Выбрать главу

— Да, да, — сказал д’Артаньян с волнением, — это правда. Я вполне согласен с вами, особенно с вашей первой мыслью: приятно смеяться, сидя на том самом месте, где мы содрогались, ежеминутно ожидая, что Мордаунт появится в дверях.

В эту минуту дверь отворилась, и д’Артаньян, как он ни был храбр, не мог не вздрогнуть.

Атос понял его и сказал с улыбкой:

— Это наш хозяин, он несет мне какое-то письмо.

— Да, милорд, — сказал трактирщик, — я действительно принес письмо вашей милости.

— Благодарю, — сказал Атос и взял письмо, не взглянув на него. — Скажите, любезный хозяин: вы не узнаете моего гостя?

Старик поднял голову и внимательно посмотрел на д’Артаньяна.

— Нет, не узнаю.

— Он один из тех друзей, о которых я вам говорил; он останавливался здесь со мною одиннадцать лет назад.

— Здесь перебывало столько иностранцев! — сказал старик.

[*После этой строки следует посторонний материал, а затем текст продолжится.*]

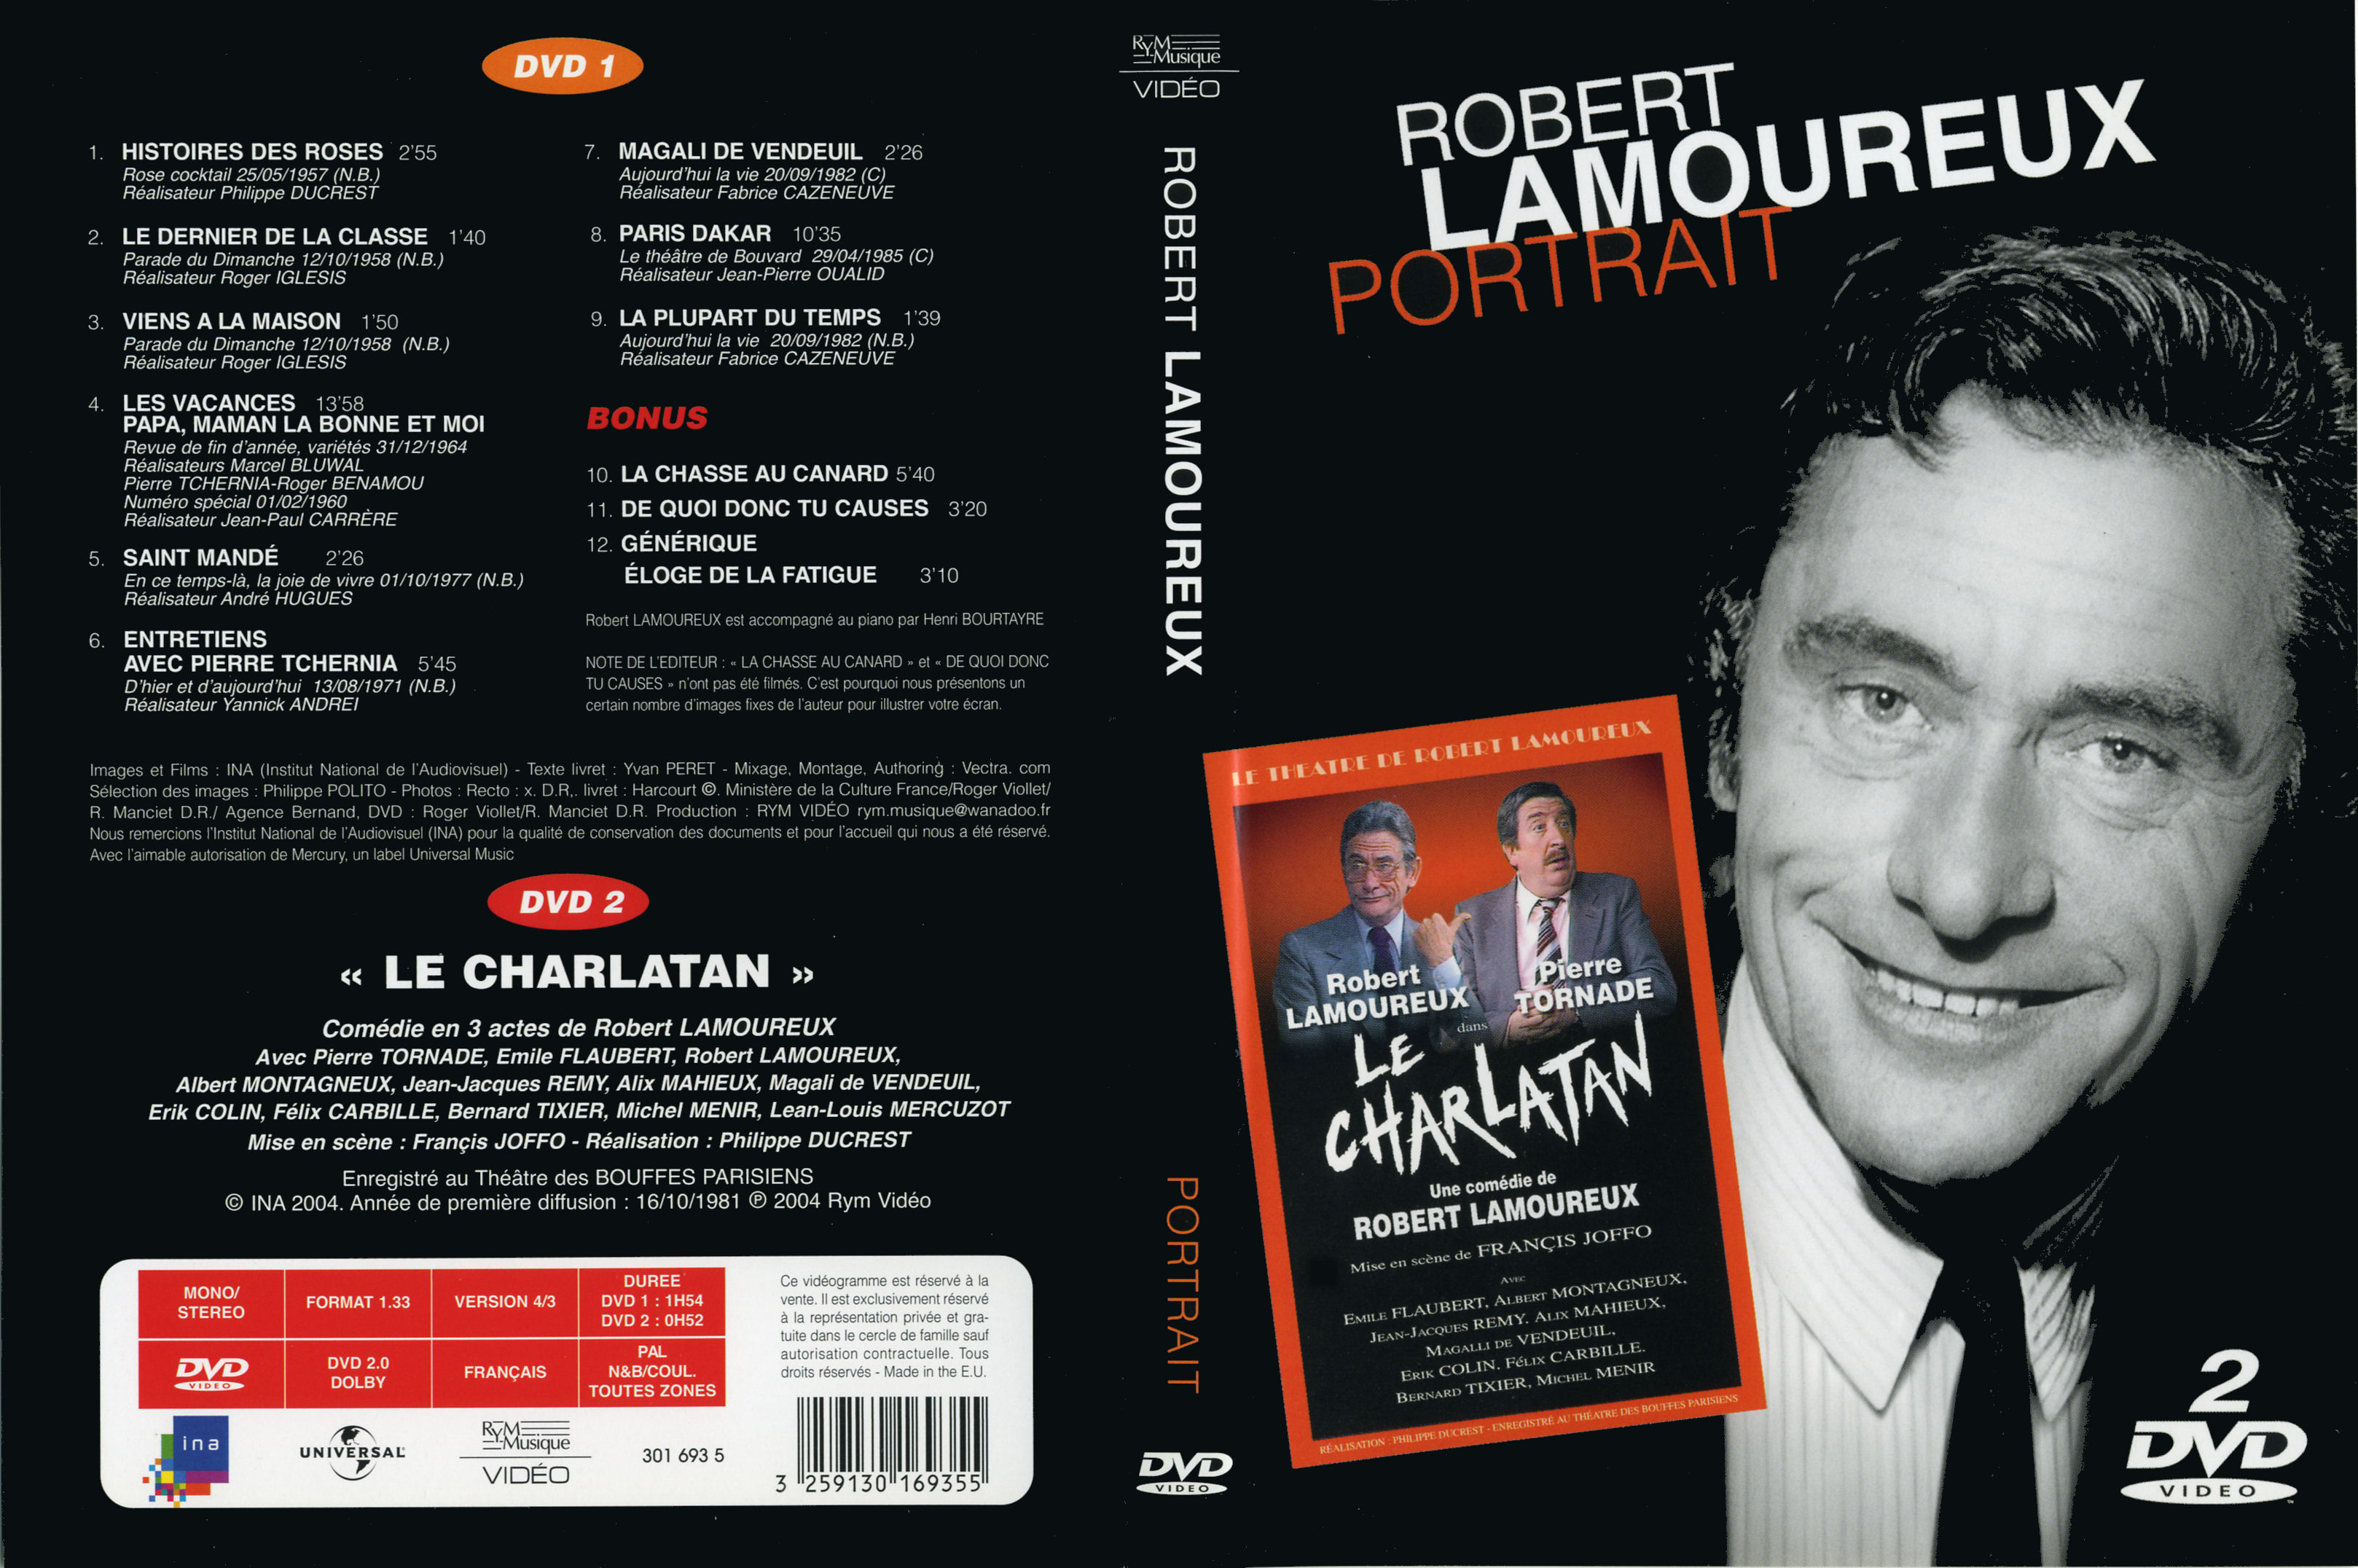 Jaquette DVD Robert Lamoureux Portrait
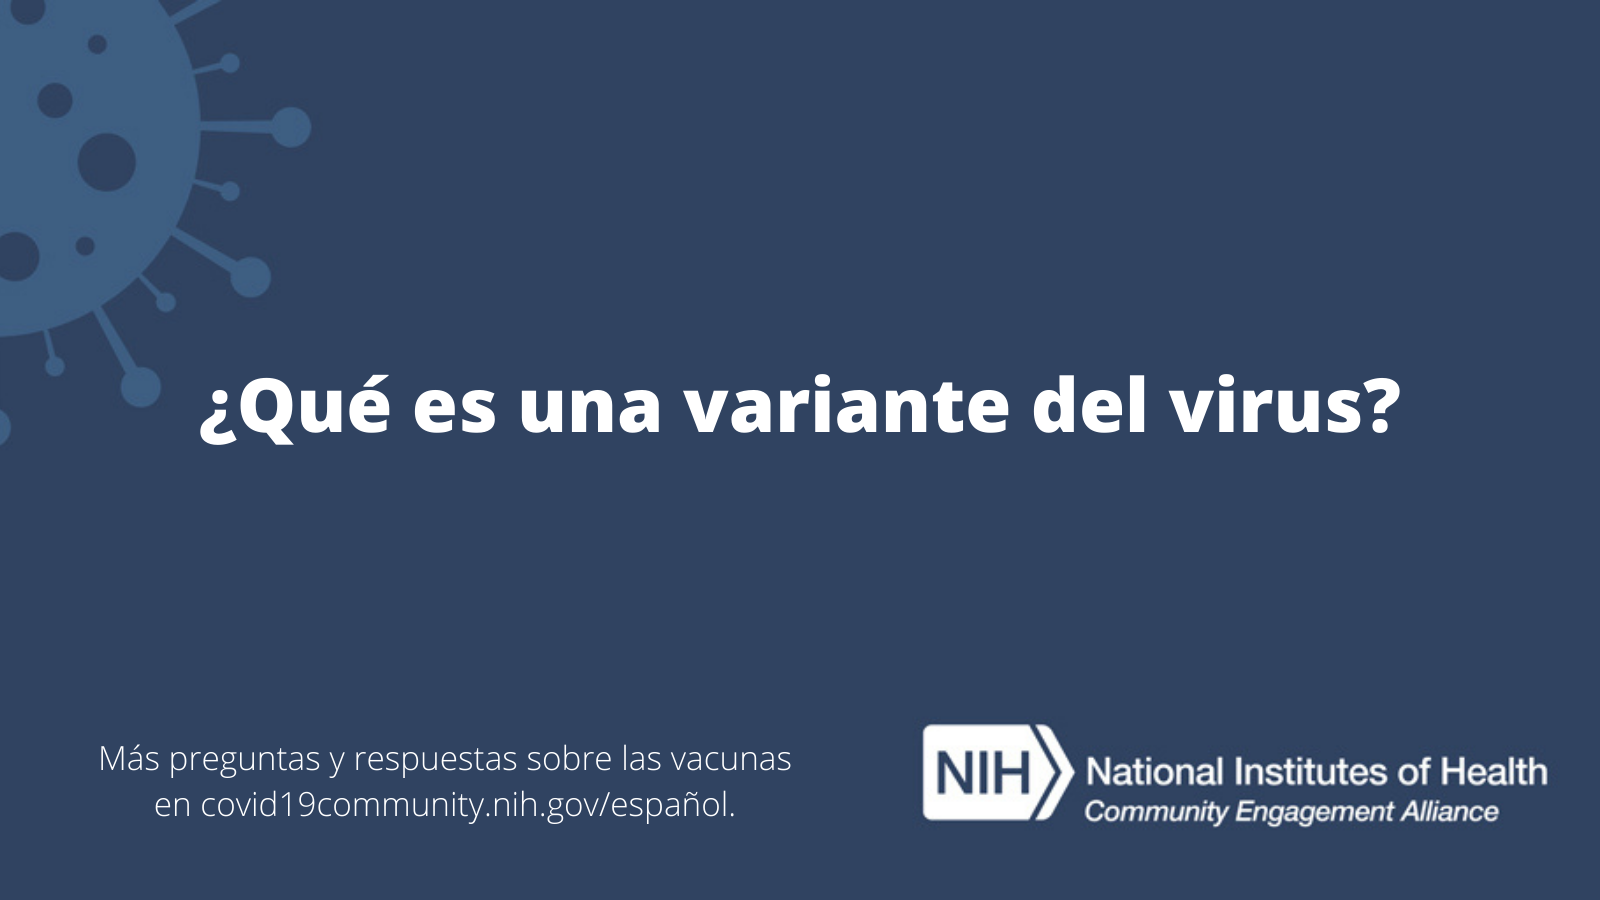 ¿Qué es una variante del virus? Más preguntas y respuestas sobre las vacunas en covid19community.nih.gov/español.

— Но мы были здесь тридцатого января тысяча шестьсот сорок девятого года, — прибавил Атос, думая этим указанием расшевелить ленивую память трактирщика.

— Может статься, — отвечал он, — но это было так давно!

Он поклонился и вышел.

— Благодарю! — сказал д’Артаньян. — Вот, совершай подвиги и перевороты, вырубай шпагою свое имя на камнях или на меди; есть кое-что крепче, тверже и беспамятнее железа, меди и камня: это старый череп разбогатевшего трактирщика. Он не узнает меня! А я так узнал бы его…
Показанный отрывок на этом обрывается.